Lease obligations are similarly strict. The insurance clause in a typical full-repairing-and-insuring lease will list specific perils that must be insured against, set out the sum insured basis, require a stated minimum loss-of-rent period, and require the tenant to reimburse the premium. Reviewing the lease alongside the policy at every renewal is one of the more reliable ways to make sure the cover in place actually meets the contractual obligations.
Renewing Your Cover
Commercial buildings insurance is not a "set and forget" product. A meaningful renewal review should test six things every year:
- Is the reinstatement sum insured still adequate, given rebuild cost inflation?
- Does the indemnity period for loss of rent still reflect realistic reinstatement timescales?
- Have any tenant trades or occupations changed since the last renewal?
- Are there any new structural alterations, extensions or installations to disclose?
- Have the security, fire protection and management arrangements changed?
- Is the insurer still the right home for the risk, or has the market shifted?
Working With a Specialist Broker
A specialist broker compares wordings rather than just premiums, advises on sums insured and indemnity periods, manages disclosure properly and represents you at claim. Taurus Risk Management arranges commercial buildings cover for landlords, investors, property managers and owner-occupiers across the UK, and is independent of any single insurer.
Frequently Asked Questions
What is the difference between commercial buildings insurance and commercial property insurance?
Commercial buildings insurance covers only the structure. Commercial property insurance is a broader package that adds contents, stock, business interruption, money, glass and liability sections to the same schedule. Most UK insurers sell both on the same policy form.

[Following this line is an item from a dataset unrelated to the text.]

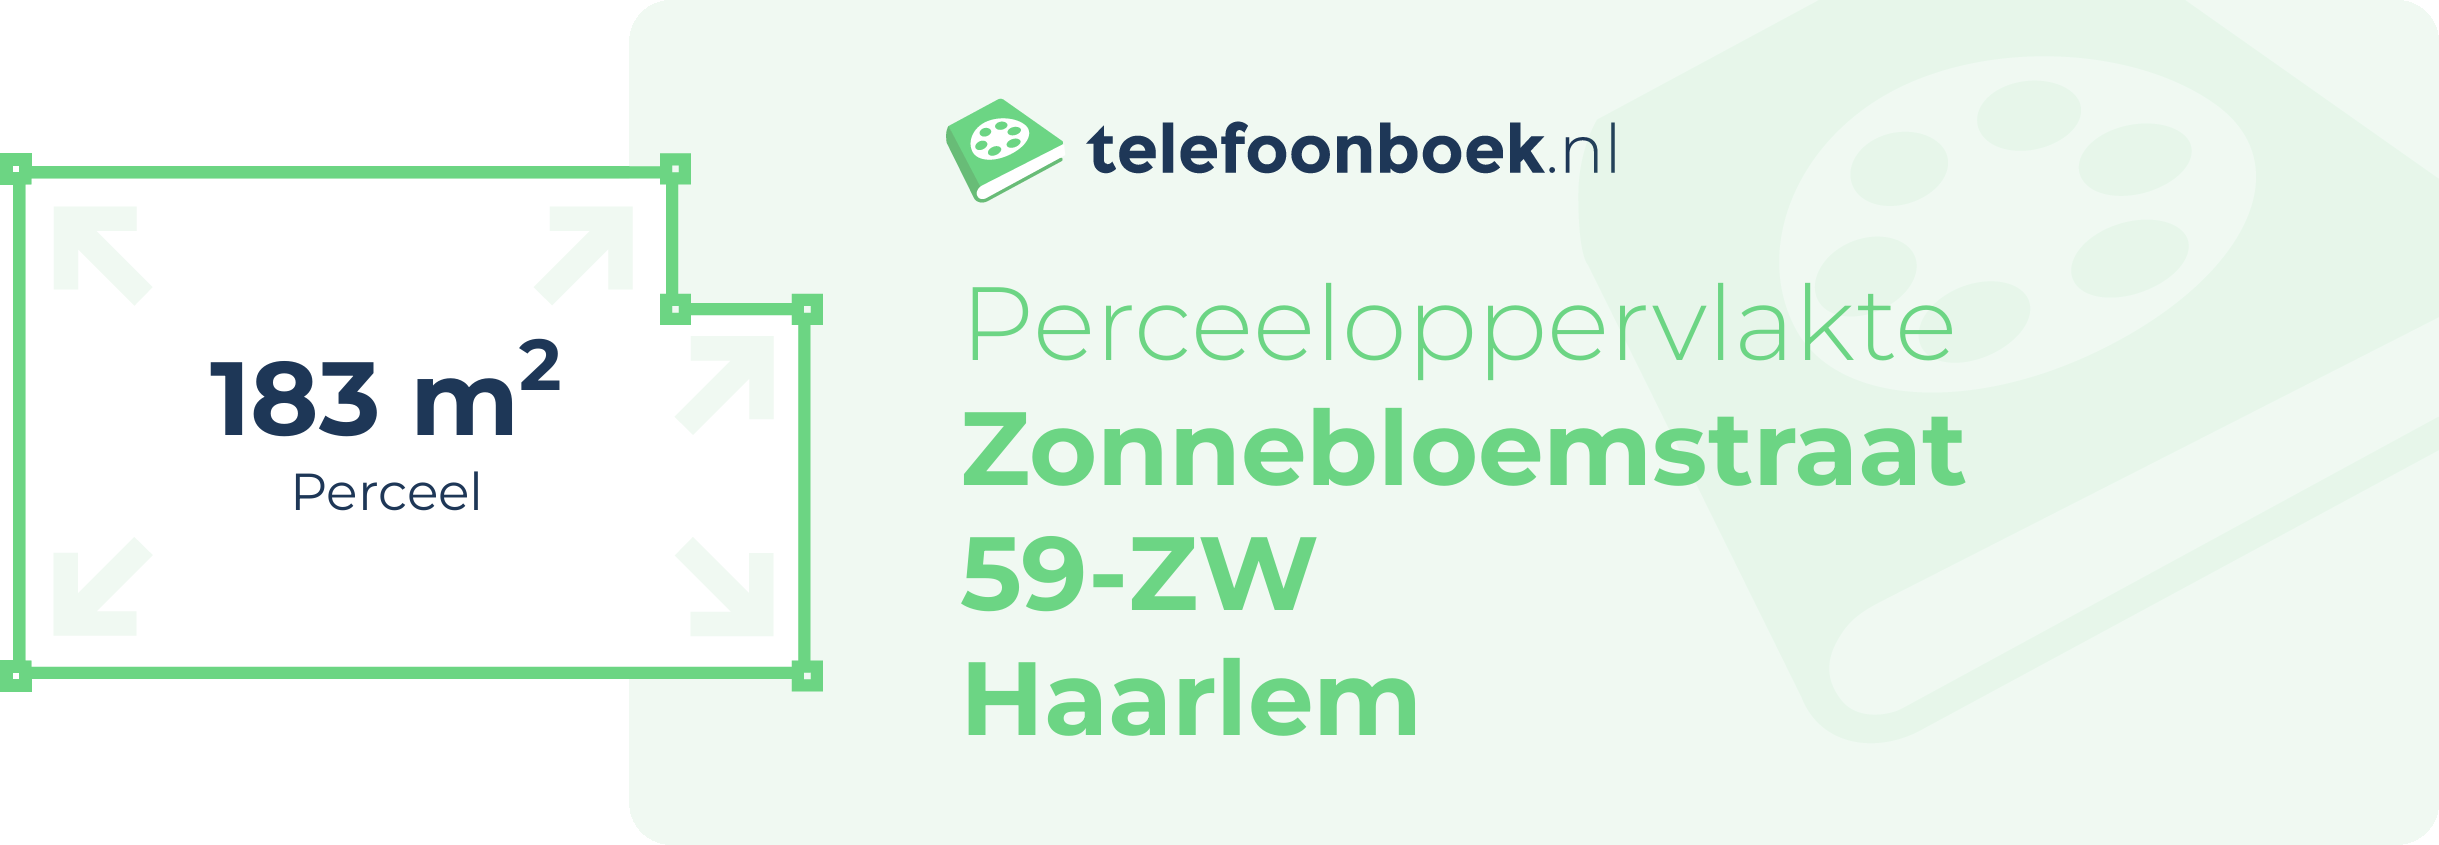 Perceeloppervlakte Zonnebloemstraat 59-ZW Haarlem

Who is responsible for arranging commercial buildings insurance - landlord or tenant?
Almost usually the landlord. The cost is then recharged to the tenant under the lease, usually as a separate line on the rent demand or via the service charge. The lease will specify exactly what perils must be insured against.

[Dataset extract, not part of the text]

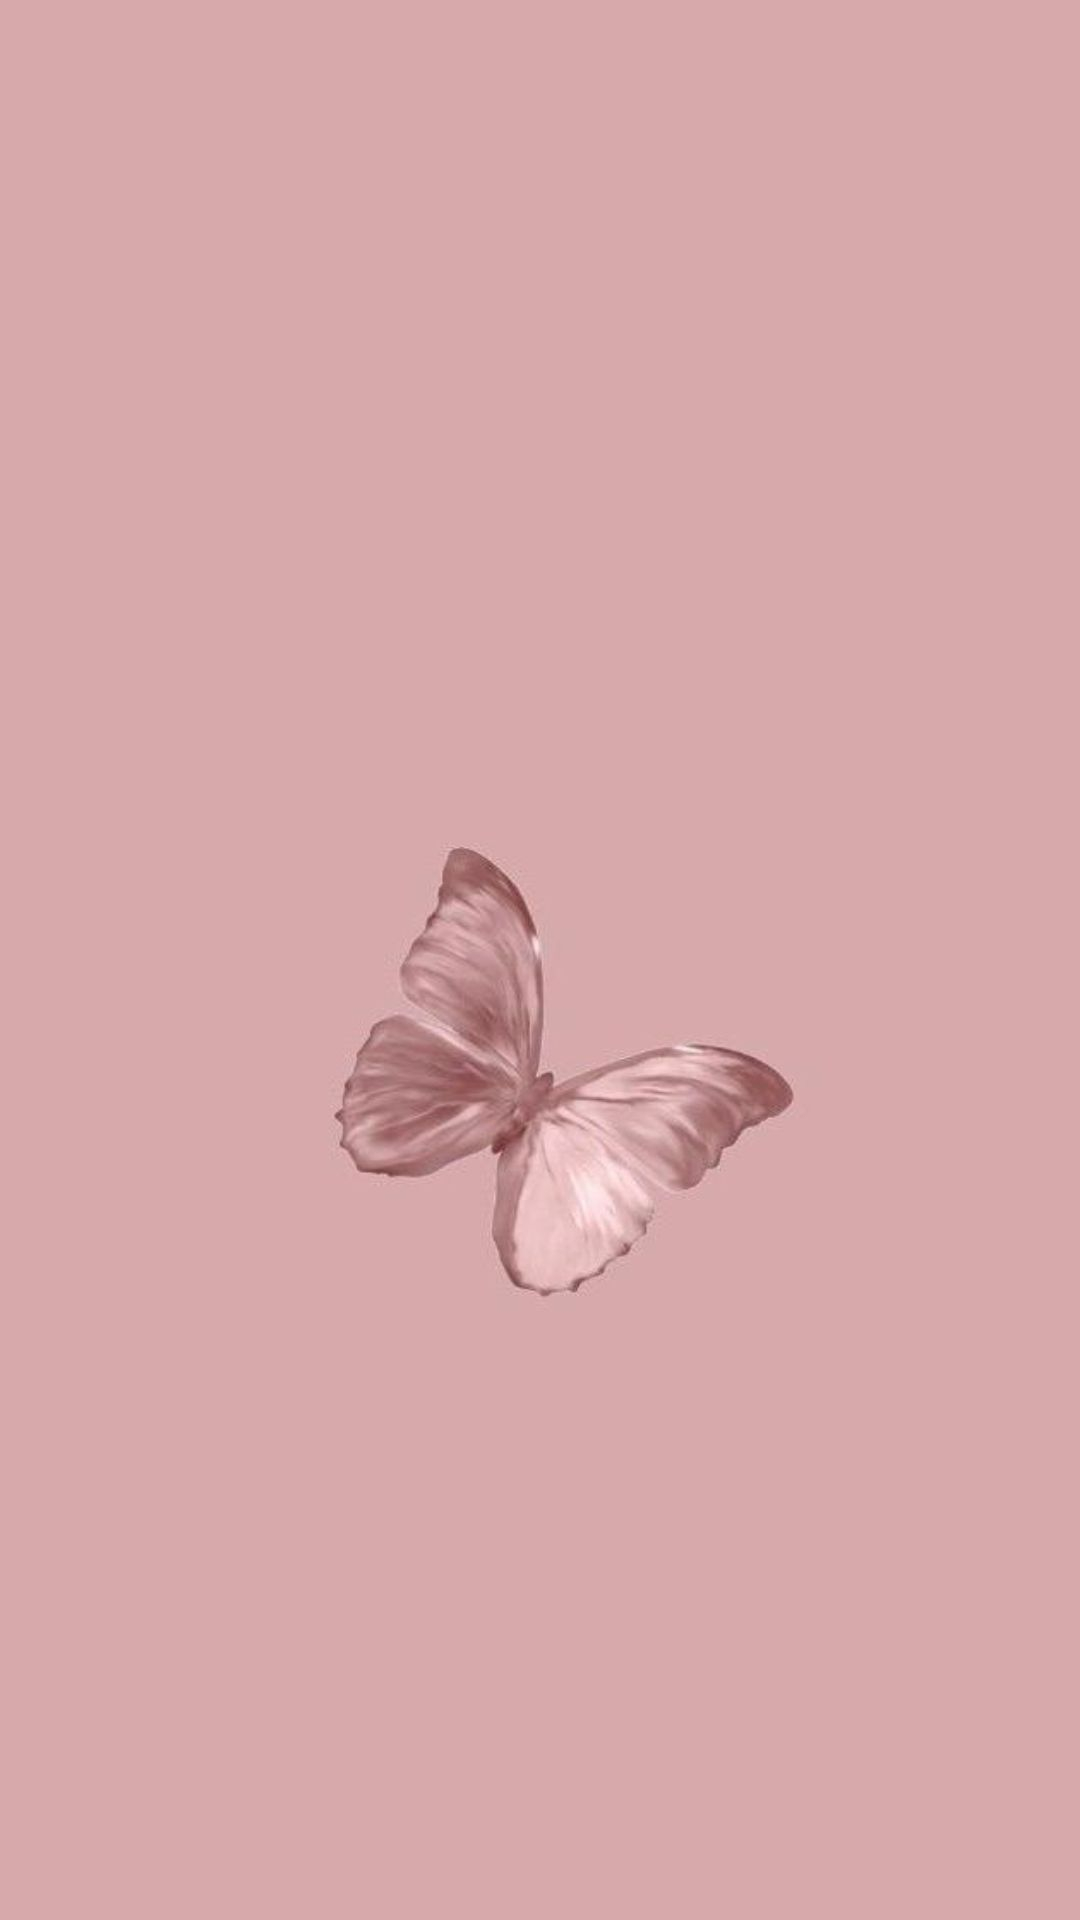 1080x1920 Butterflies Wallpaper- Top Best Quality Butterflies Backgrounds (HD,4k

How do I work out the rebuild sum insured?
It should reflect the full cost of rebuilding the property from the ground up - including professional fees, demolition, debris removal, public authority requirements and VAT where applicable. It is not the same as market value. A RICS reinstatement cost assessment is generally the most reliable basis.

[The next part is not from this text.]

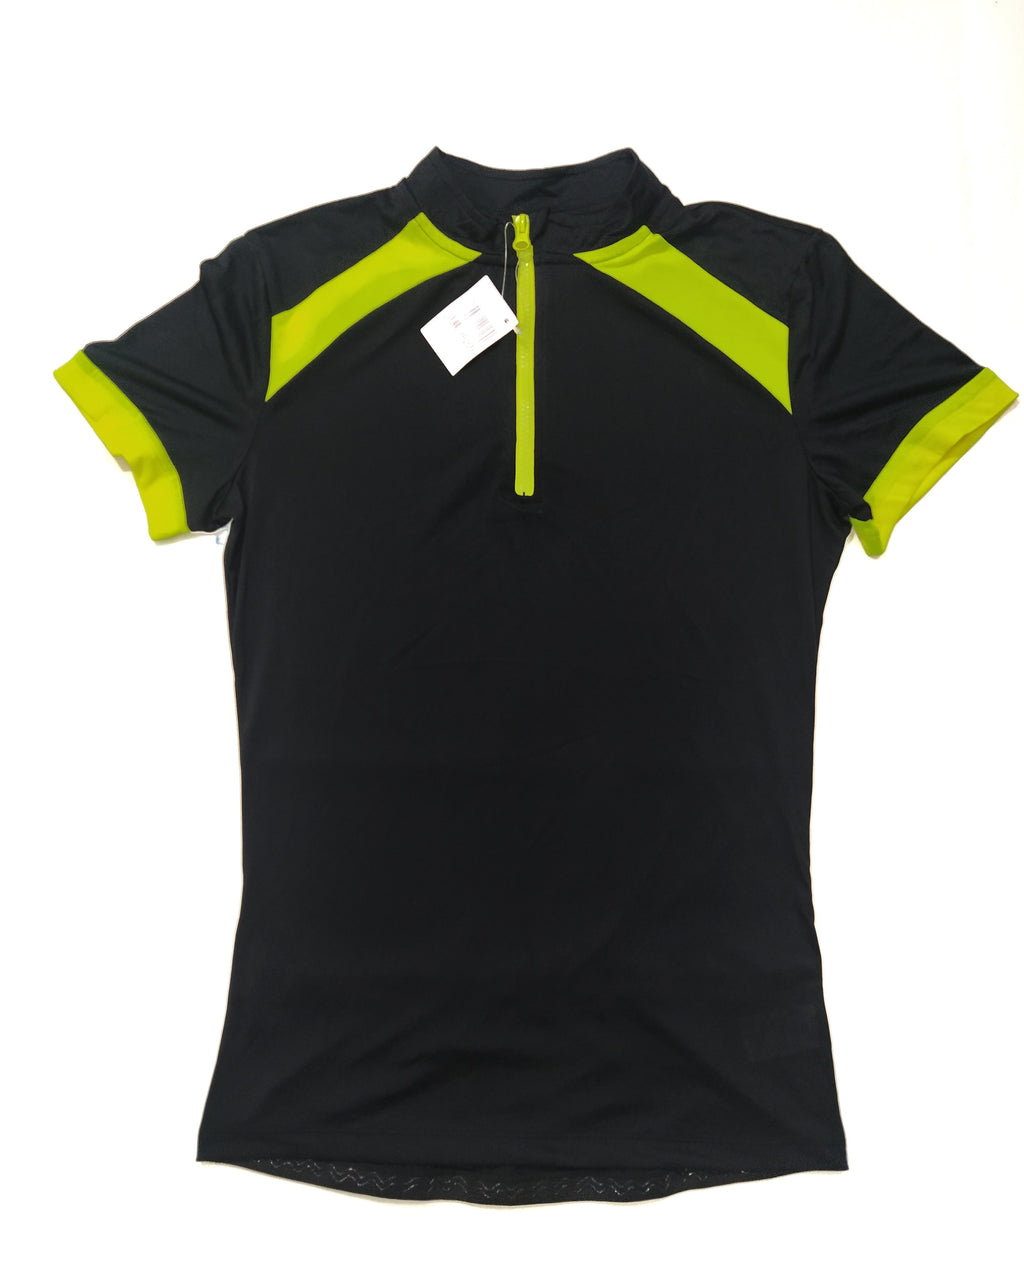 Newcential Men's Biking Shirt (Black/Green)

Is terrorism included in commercial buildings insurance?
Standard UK wordings exclude terrorism. It is usually arranged separately, often through Pool Re for properties at higher risk. Brokers can add it as an extension at renewal.
Does commercial buildings insurance cover subsidence?
Most policies include subsidence, heave and landslip as standard, subject to a higher excess (typically £1,000 to £2,500) and to disclosure of any history of movement. Some high-risk postcodes attract additional terms.
What happens if the property is vacant?
Cover is restricted after a stated period (usually 30 to 60 days). Insurers must be notified, additional security and inspection conditions apply, and cover is typically reduced. Failure to comply can result in claims being declined.